Observer DSL

Similar to loading nodes, Arborist has pluggable hooks for sourcing observer data from various sources (databases, LDAP, etc). It only ships with file sources by default. This reference page outlines all possible options for the file backed source.

Overview

Observer definition files are loaded in by the Observer daemon at startup. You can organize them however you please. Files will be discovered irrespective of directory depth. Files must end in an .rb extension to be considered.

An observer is given a human-readable description for use in user interfaces and logging, and optional subscription attributes that indicate what events it is interested in receiving. When a Manager event matches for a given observer, all of its action blocks are executed with the event, depending on the restrictions on each block.

Subscribe

Observers internally use the Event API to register what events they are interested in. Each observer can have zero or more subscription targets. Omitting a subscription declaration is equivalent to subscribing to all node events, attached at the Arborist root node. The subscription can supply the following keywords:

keyword optional description
to no What event to subscribe to. Unknown events are ignored. Here's the list of possible node events.
on yes A node identifier to attach the subscription to. Events flow upwards through the tree, so you can attach to any node to get events for it and its children. Omitting this is equivalent to subscribing to the root node, which always sees all events.
where yes A hash of search criteria to match against when considering the event for action.
exclude yes A hash of search criteria to negatively match against when considering the event for action.

Most node events only are issued once during a transition, but you can use the node.delta event to catch specific node transitions, to craft custom subscription behavior.

Arborist::Observer "Nodes having a problem" do
    subscribe to: 'node.down'
    subscribe to: 'node.warn'

    # ...
end

Arborist::Observer "Relay changes to render service nodes" do
    subscribe to: 'node.update', where: { type: 'service', tag :render }

    # ...
end

# You -could- just subscribe to 'node.up', but this example shows how to
# omit the initial transition from unknown -> up.
#
Arborist::Observer "Recovered nodes" do # {{{
    subscribe to: 'node.delta', where: { delta: { status: [ 'down', 'up' ] } }
    subscribe to: 'node.delta', where: { delta: { status: [ 'warn', 'up' ] } }
    subscribe to: 'node.delta', where: { delta: { status: [ 'acked', 'up' ] } }

    # ...
end

Action

An action is a ruby block, executed when a subscribed event arrives. It is passed the serialized event object that triggered the block, and a hash of events keyed by time. You may have any number of action blocks per observer. An action block can have modifiers, that further control when the block is fired:

argument description
after Only execute the block after this many events are collected. Defaults to 1, meaning it is executed for each event.
during A Schedulability time declaration. The block is only executed if the current time is within this schedule.
within Only execute the block if the event count after fills in this timeframe (expressed in seconds.)
ignore_flapping If the node that generated the event is marked as flapping, the block is not executed.

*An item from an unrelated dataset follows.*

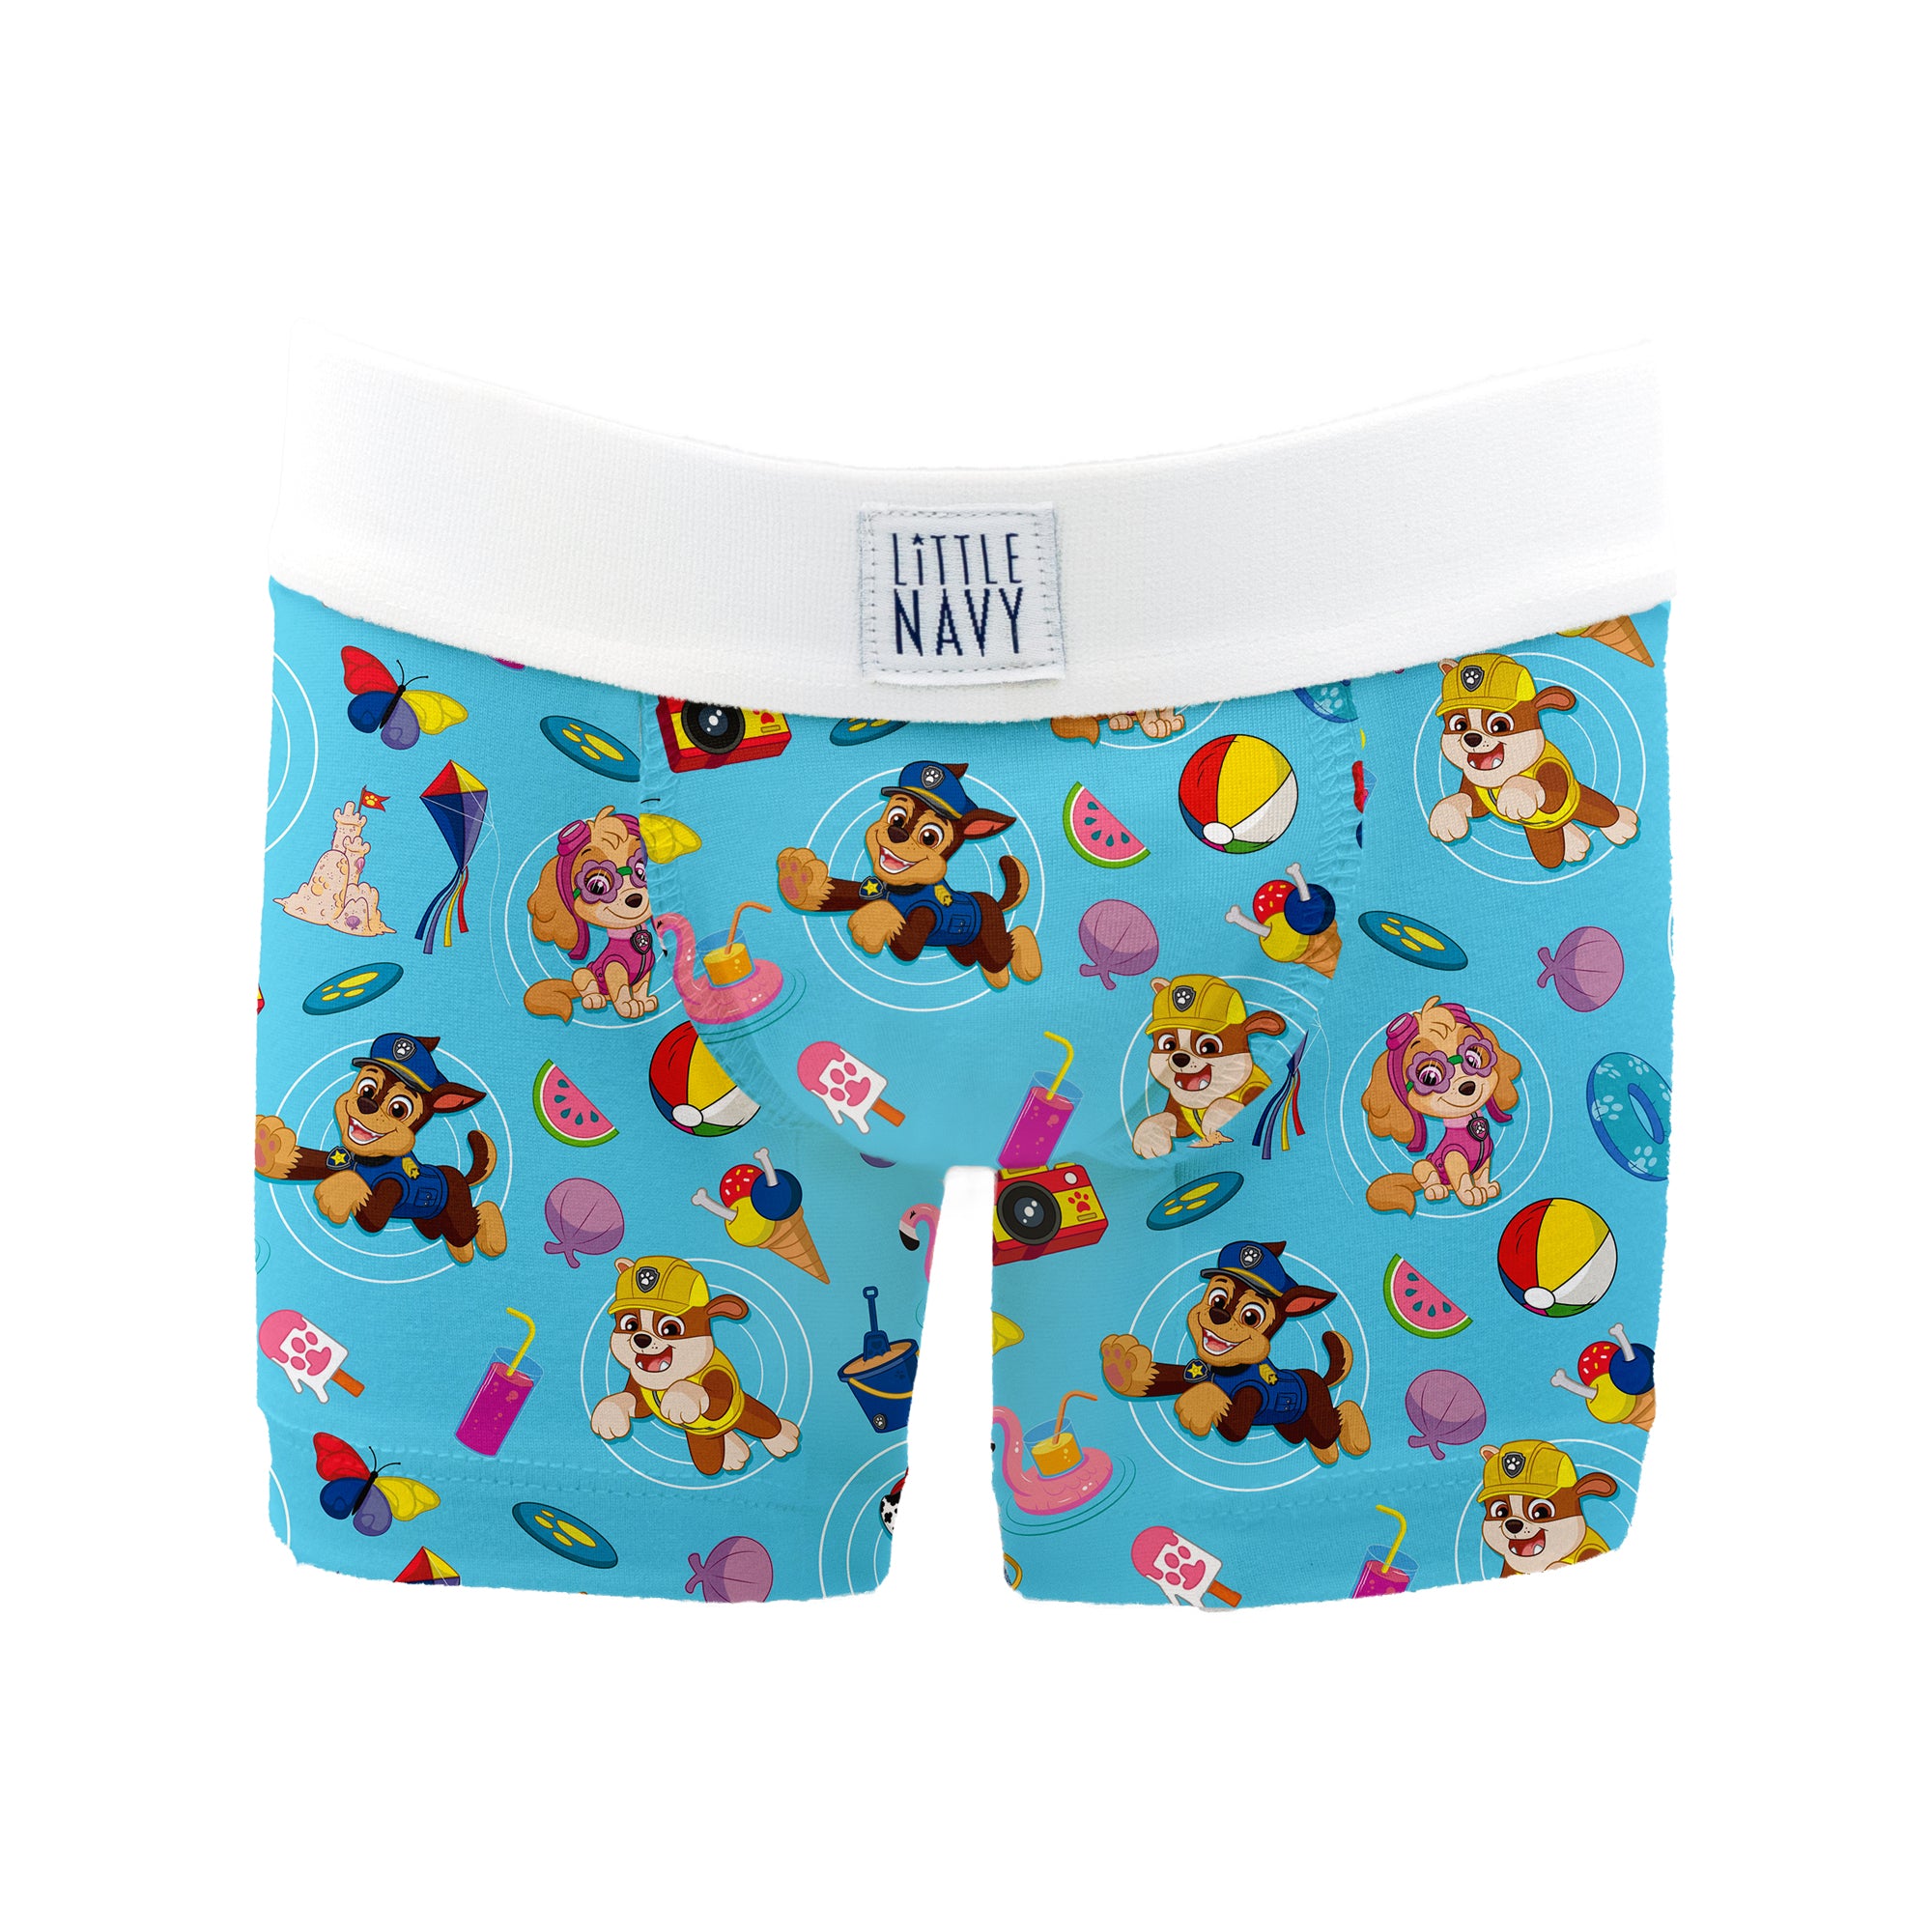 Paw Patrol Kids' Size 6 Blue, Navy & White Briefs With Coloring

Additionally, all Observers automatically have access to a client -- you can perform callbacks to the manager to gather more information using this.

Arborist::Observer "Log updates to special nodes" do
    subscribe to: 'node.update', where: { type: 'special' }

    # Do something with each event.
    #
    action do |event|
        # ...
    end

    # Perform an action in batches of 50, but only during working hours
    #
    action( after: 50, during: 'wd {Mon-Fri} hr {9am-4pm}' ) do |last_event, all_events|
        # "all_events" is a hash of the 50 update events, keyed by event time.
    end
end

Summarize

A summarize block is very similar to an action block, but can prioritize on timing intervals instead of event counts. It too has some modifiers to control when the block is fired:

argument description
count Only execute the block after this many events are collected.
every Only execute the block after this much time has passed (expressed in seconds).
during A Schedulability time declaration. The block is only executed if the current time is within this schedule.
using Arborist::TimeRefinements

Arborist::Observer "Examples!" do
    subscribe to: 'node.update', where: { type: 'special' }

    # These two blocks are functionally identical:
    # "Run the block after 50 events"
    #
    action( after: 50 ){|last_event, all_events| # ... }
    summarize( count: 50 ){|last_event, all_events| # ... }

    # "Run this block only after at least 50 events have accumulated, but only check once an hour"
    summarize( count: 50, every: 1.hour ){|last_event, all_events| # ... }

    # "Run this block every 30 seconds regardless of event count".
    # No events is still a no-op.
    summarize( every: 30.seconds ){|last_event, all_events| # ... }
end

Example

Here's a real world example, using an observer to extend Arborist behavior. This observer keeps a history of events, sending them to a PostgreSQL table.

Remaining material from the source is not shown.